El hombre que mueve montañas comienza cargando pequeñas piedras. Eso lo dijo Confucio, y quizá mi vecino, el repositor del chino de enfrente, lo sabe, porque barre desde las 7 de la mañana el super chino de Tablada como si fuera el palacio de la Ciudad Prohibida de Pekín. 

Barre la vereda como si fuera la ceremonia del té o el caudal manso, infinito, del río Lí o del Yangtsé cristalino y delgado que va cambiando su nombre en el viaje: Lung, Chin Yuí o Yuán según la porcelana que horada o el rostro de una mujer que vive en su delta más grande que Austria.

Mi vecino guarda en su silencio todas las piedras de la gran muralla, la paciencia del Kung Fu y la de Mao y tiene el escrúpulo de quien podría desarmar una montaña piedra por piedra y hoja por hoja, todo el otoño. Esta mañana comenzó a matar el verano barriendo la noche al alba, una danza que despierta el barrio con la quema de hojas amarillas, mentoladas, infantiles: una copia de la ópera Kunqu pero en otro sitio donde el chino y yo soñamos un día soleado que bajen los precios de los lácteos, del pan y la carnicería, que vuelvan las doce cuotas y que algún día los pobres podamos entrar al palacio de la Ciudad Prohibida, leer a Confucio y tomar el té verde de Hangzhou en los jardines de senderos donde bifurcan el río Yangtsé y el Paraná.

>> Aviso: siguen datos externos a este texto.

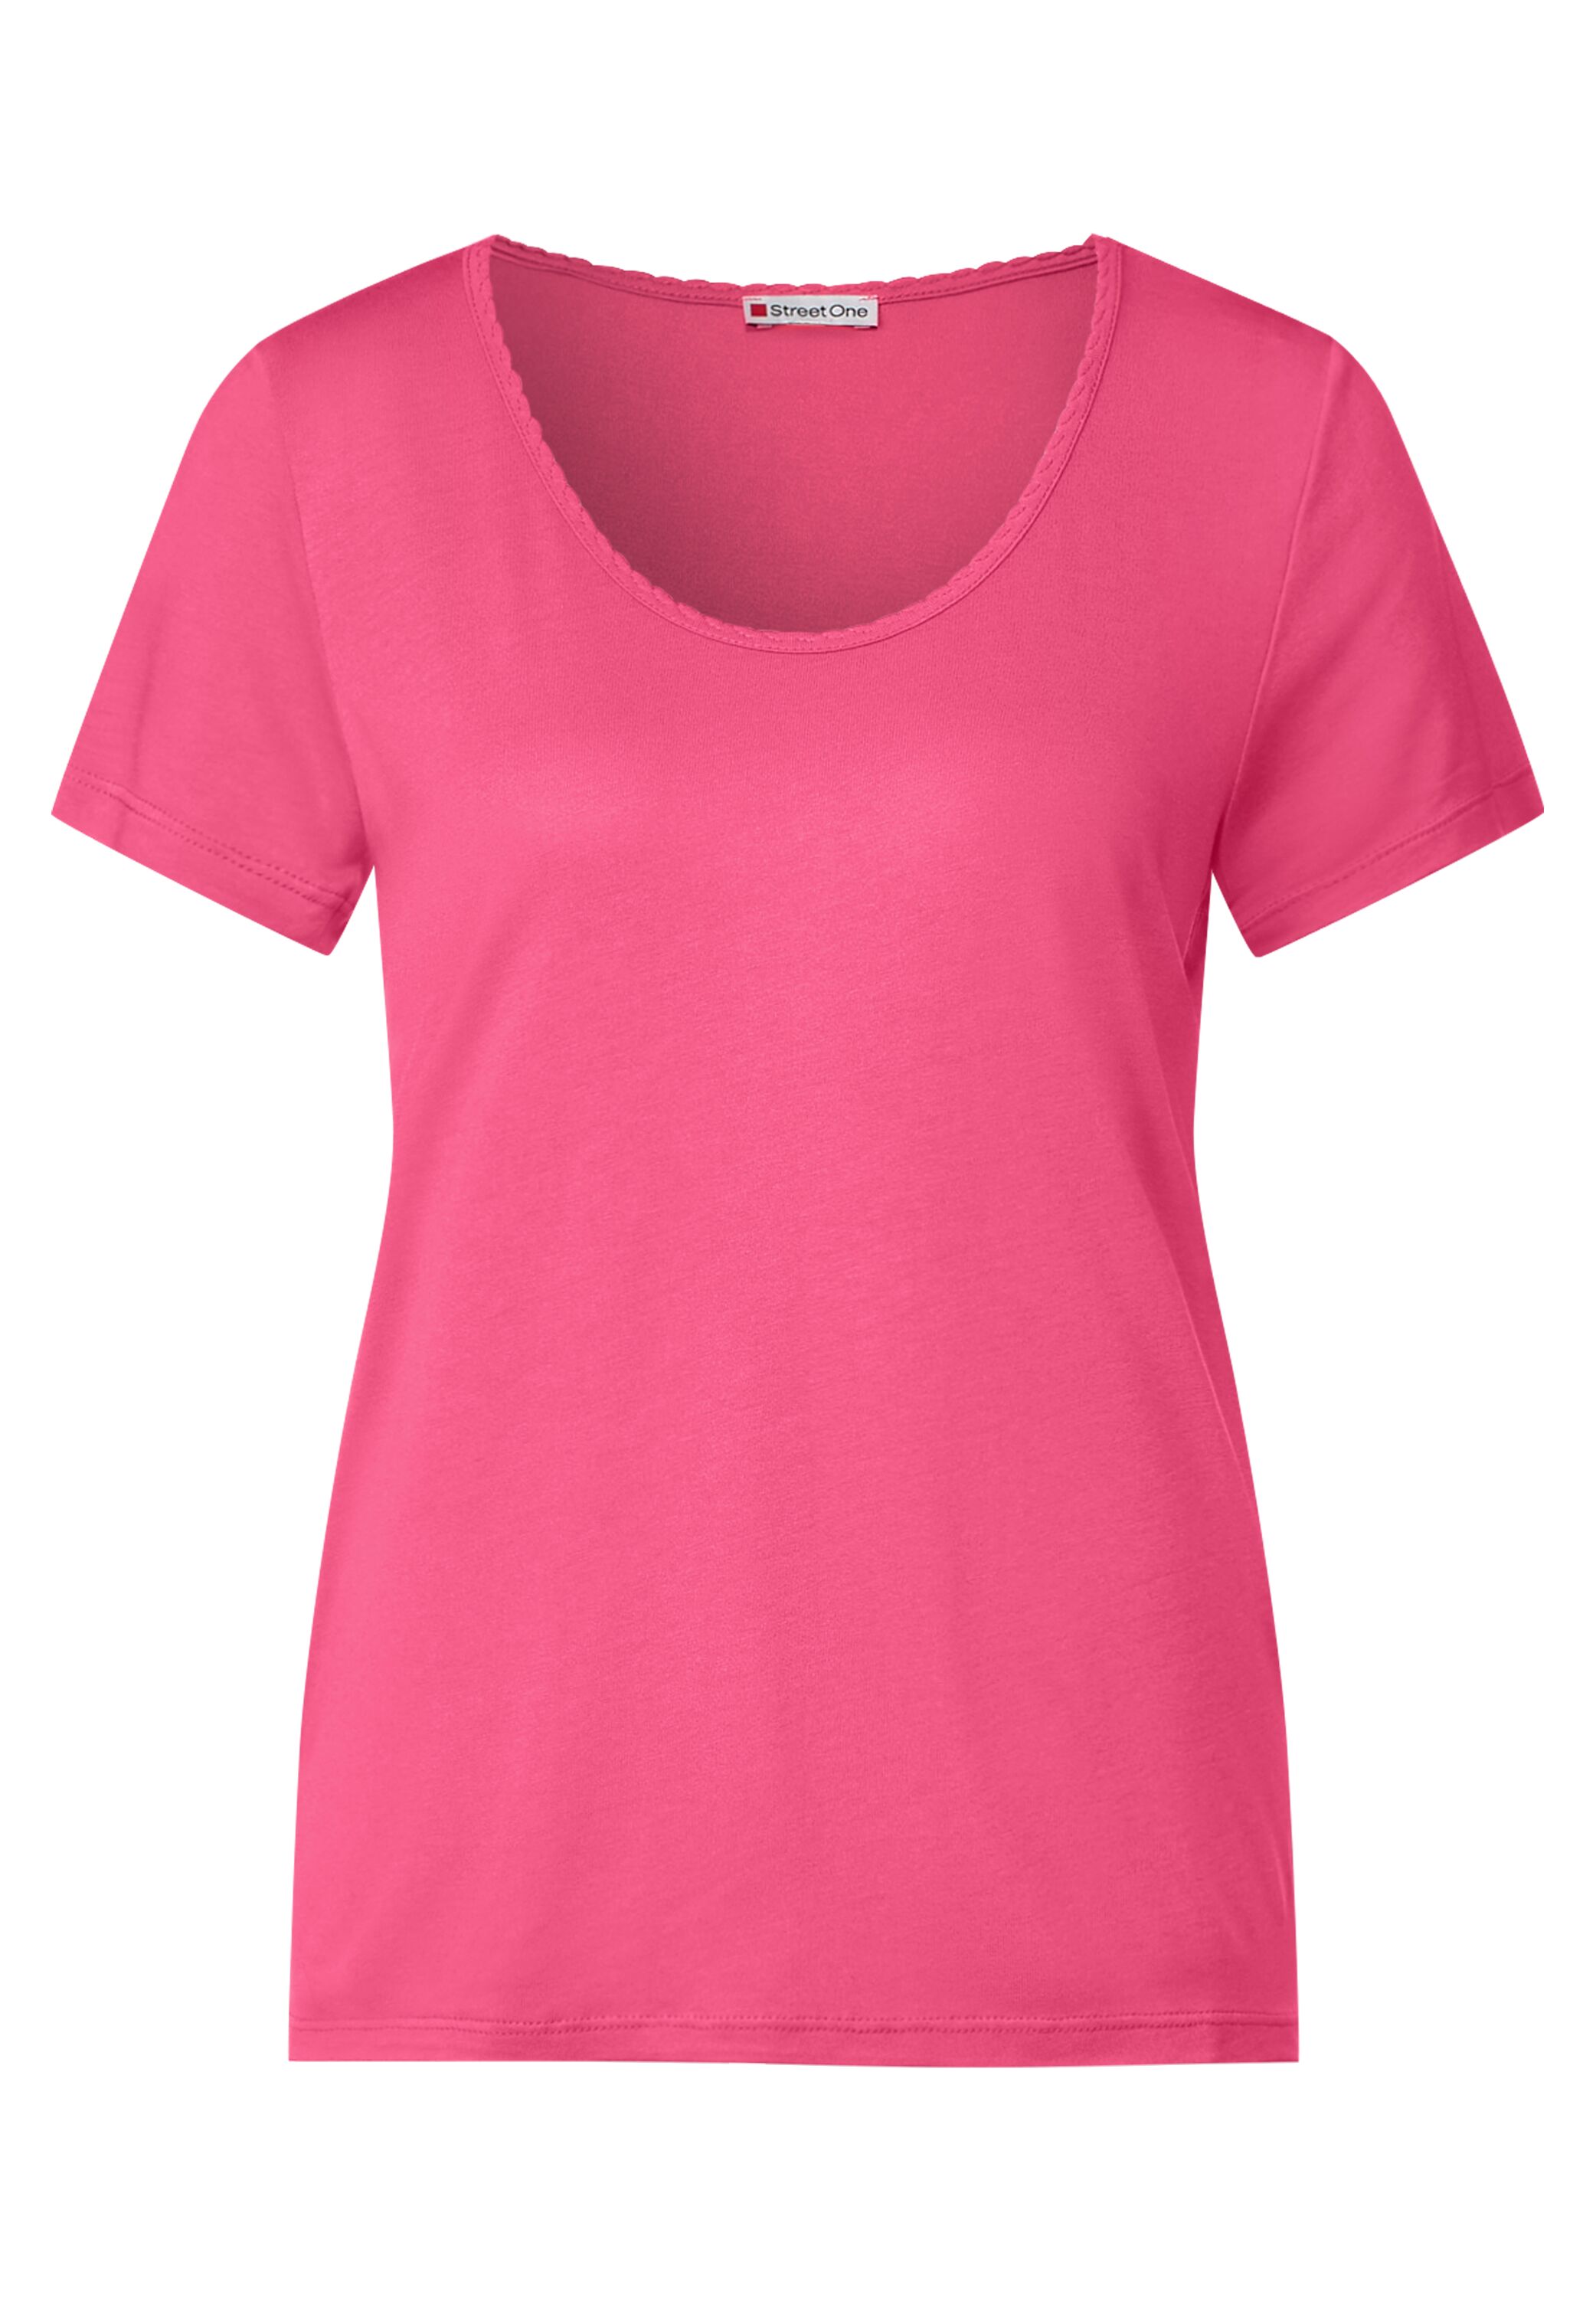 Street One T-Shirt in Berry Mode im Rose CONCEPT reduziert SALE A320124-14647 
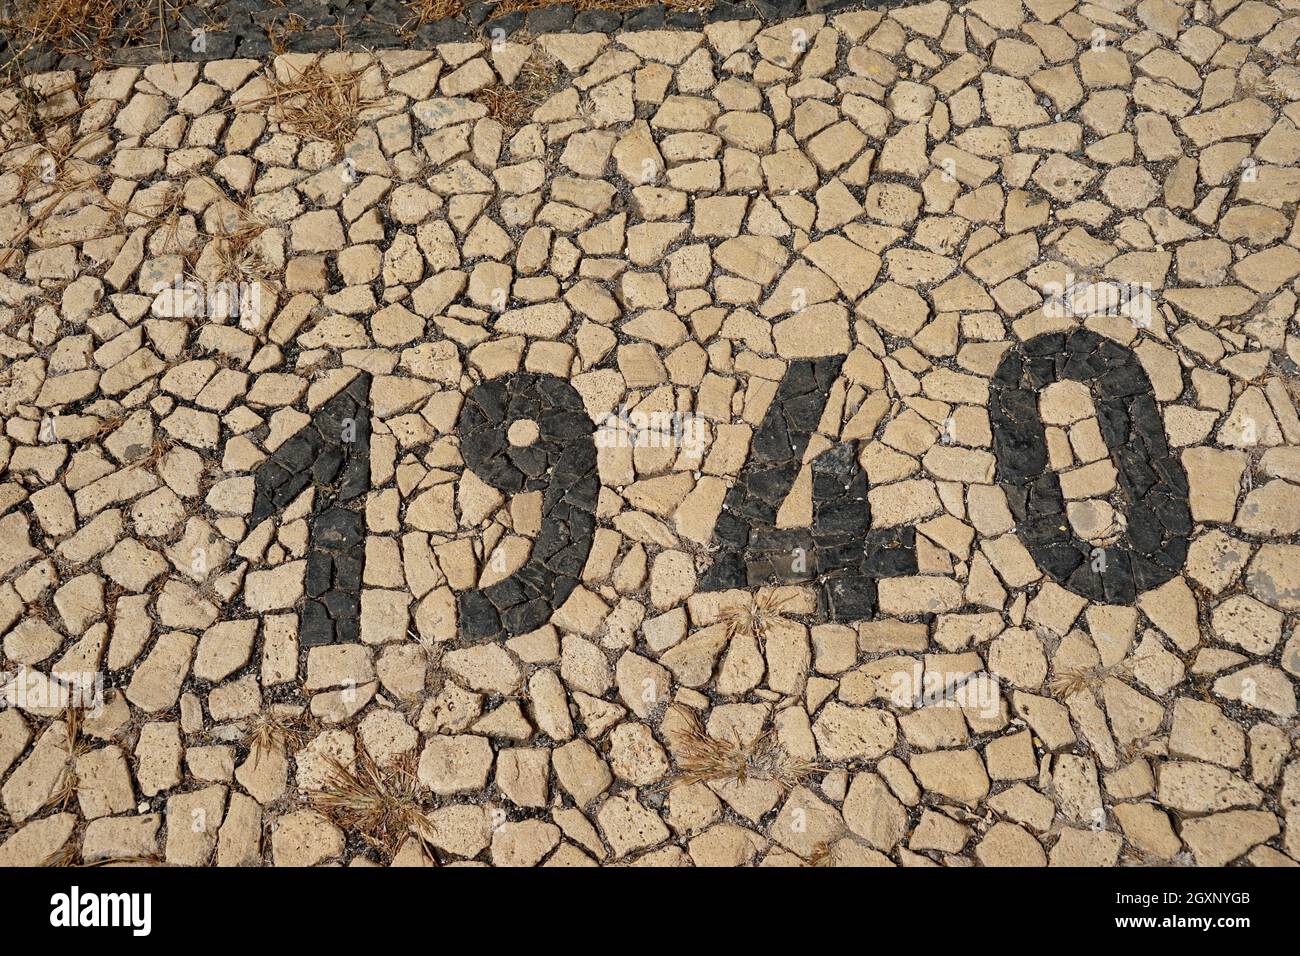 1940, Floor mosaic in front of infirmary, Tarrafal concentration camp, Santiago Island, Republic of Cape Verde Stock Photo

A las 8 levanta la persiana y Nancy, la dueña, su sobrina, ya está en la caja sonriente, hablando por Skype con su madre en Wantang. Aquella mujer también está atendiendo un drugstore chino, pero en China y con barbijo. Aún con el barbijo se nota que sonríe. No entiendo una palabra de lo que dicen, pero por unas señas de Nancy que le muestra algunos productos a la cámara, hablan de la inflación argentina. Nancy me mira y cambiando de idioma dice: “hoy, lista nueva de carne, todo 4 por ciento”. Rubén, el marido, me aclara que a mí no. Que si llevo ahora me mantendrán el precio. Hago el negocio del día, el negocio argentino, nuestro largo plazo, la cena… unos filetes de pollo, un kilo de picada y uno de chorizo y me ahorro el 4 por ciento. 

Parásite. ¿Quién puede creer que en este país lo más peligroso sea el coronavirus?

Wu me señala el barbijo de su cuñada del otro lado del mundo y sonríe. Dice algo en cantón que Nancy me traduce. -Dice que mamá habla igual con barbijo o sin barbijo, que no para, que habla mucho… le da risa…

Nancy me pregunta por Xia, si tengo noticias. Sigue en Francia, digo, en el sur, con la beca de los viveros. Si cobro la casa, la iré a visitar el verano.

-Falta mucho verano, un año… –dice Nancy.

-El verano europeo – digo-, son tres meses.

-Mejor no volver a China, mucho virus. ¿No tenés miedo…?

-Yo no, porque en Pueblo Esther no tengo televisión.

-¿Y qué tiene que ver?

-No ver televisión disminuye el virus. Es una de las mejores formas de prevenirlo.

-Tonterías –se ríe-. Y me muestra varias cajas de alcohol en gel que aumentaron el 30 por ciento. Me ofrece una botella y acepto. Diez barbijos, y acepto. Me dice:

-¿Te ponés barbijo?

-Para escribir. Me los pongo cuando escribo, así no hablo. Y me los pongo para hablar con Xia por Skype, para hacerla reír.

-¿Y ella se ríe?

-Siempre se ríe conmigo. Los dos. Cuando estamos juntos, aún cuando estamos solos, estamos juntos y reímos, porque yo escribo como si hablara con ella. El amor es la cura…

Pero Nancy ya no me escucha, me corre el pedido, saluda al próximo cliente y ya fue… Entonces Wu me ayuda a cruzar con las cajas y cuando voy a cerrar la puerta de mi casa, dice en cantón:

 

-Ài Zhìyù. 

 El amor cura. Se ve que entendió lo que dijo Nancy y quiso agregar su parte real de lenguaje, darle vida a su hija, o a mí, o a la historia, y agregó “Chi”, energía, la energía del amor todo lo cura. Cuando encendí el Skype tenía una frase de Xia que decía: “Y sin embargo, él sabe que ninguna de esas cosas lo lleva ni le impide viajar. Él sabe que puede ir hasta allá porque está pensando en ella”.